The distribution assistance to be rendered by the Recipients in connection
with the sale of Shares may include, but shall not be limited to, the following:
distributing sales literature and prospectuses other than those furnished to
current Shareholders, providing compensation to and paying expenses of personnel of
the Recipient who support the distribution of Shares by the Recipient, and
providing such other information and services in connection with the distribution
of Shares as the Distributor or the Fund may reasonably request.
(c) A majority of the Independent Trustees may at any time or from time to
time (i) increase or decrease the rate of fees to be paid to the Distributor or to
any Recipient, but not to exceed the rates set forth above, and/or (ii) direct the
Distributor to increase or decrease any Minimum Holding Period, any maximum period
set by a majority of the Independent Trustees during which fees will be paid on
Shares constituting Qualified Holdings owned beneficially or of record by a
Recipient or by its Customers (the "Maximum Holding Period"), or Minimum Qualified
Holdings. The Distributor shall notify all Recipients of any Minimum Qualified
Holdings, Maximum Holding Period and Minimum Holding Period that are established
and the rate of payments hereunder applicable to Recipients, and shall provide each
Recipient with written notice within thirty (30) days after any change in these
provisions. Inclusion of such provisions or a change in such provisions in a
supplement or amendment to or revision of the prospectus of the Fund shall
constitute sufficient notice.
(d) The Service Fee and the Asset-Based Sales Charge on Shares are subject
to reduction or elimination under the limits to which the Distributor is, or may
become, subject under the NASD Conduct Rules.

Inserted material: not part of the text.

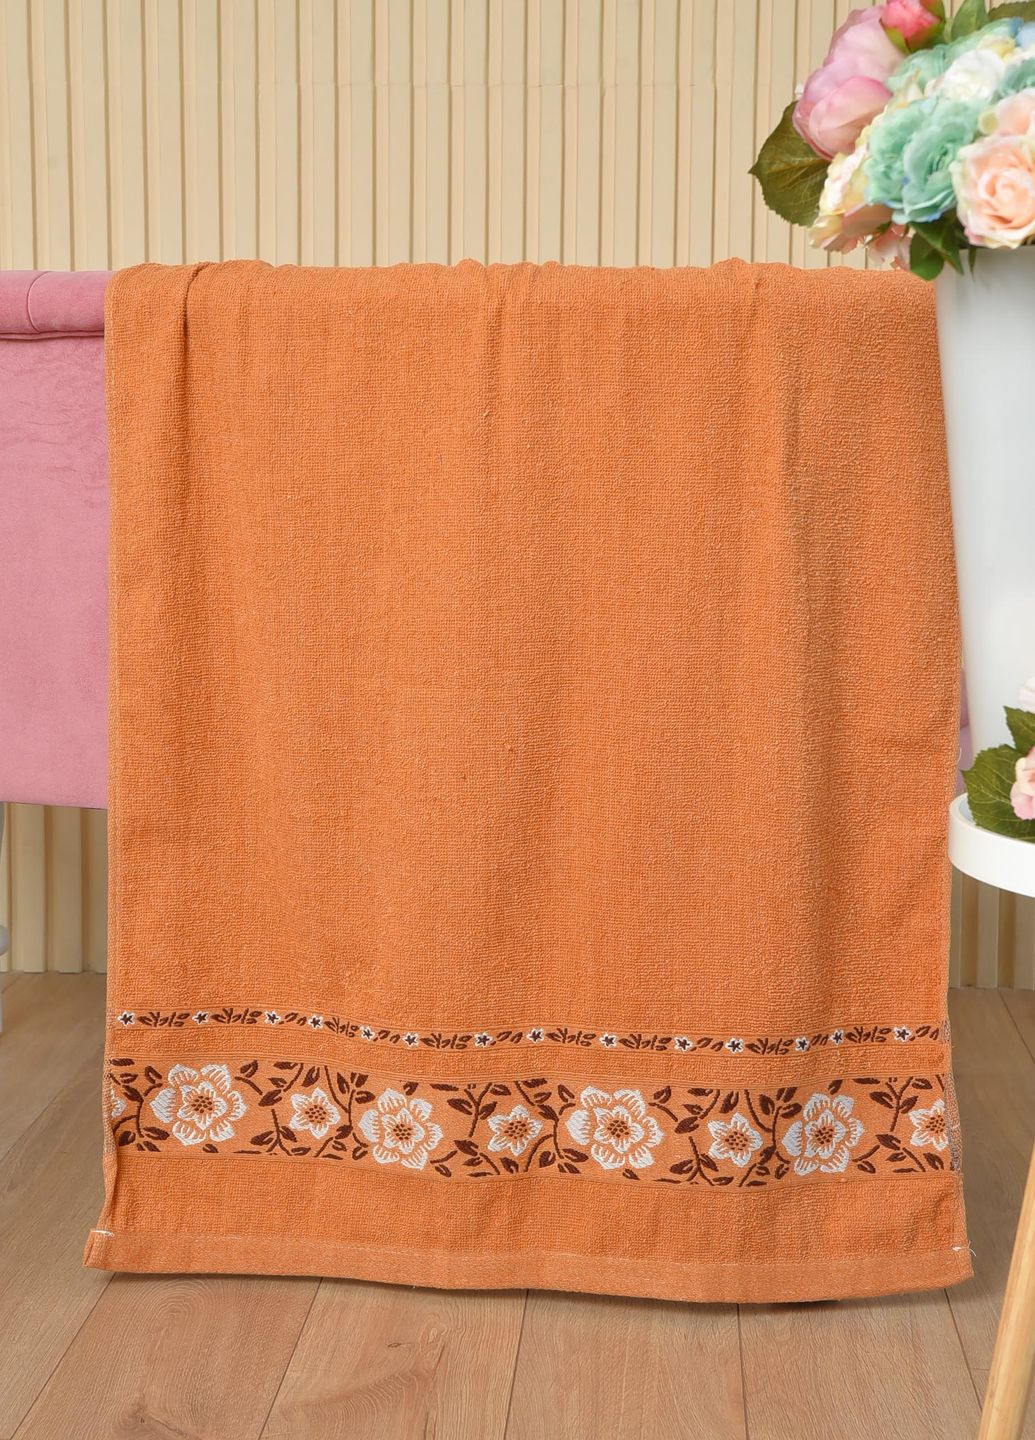 Let's Shop полотенце банное махровое коричневого цвета однотонный коричневый производство - Турция

(e) Under the Plan, payments may also be made to Recipients: (i) by
OppenheimerFunds, Inc. ("OFI") from its own resources (which may include profits
derived from the advisory fee it receives from the Fund), or (ii) by the
Distributor (a subsidiary of OFI), from its own resources, from Asset-Based Sales
Charge payments or from the proceeds of its borrowings, in either case, in the
discretion of OFI or the Distributor, respectively.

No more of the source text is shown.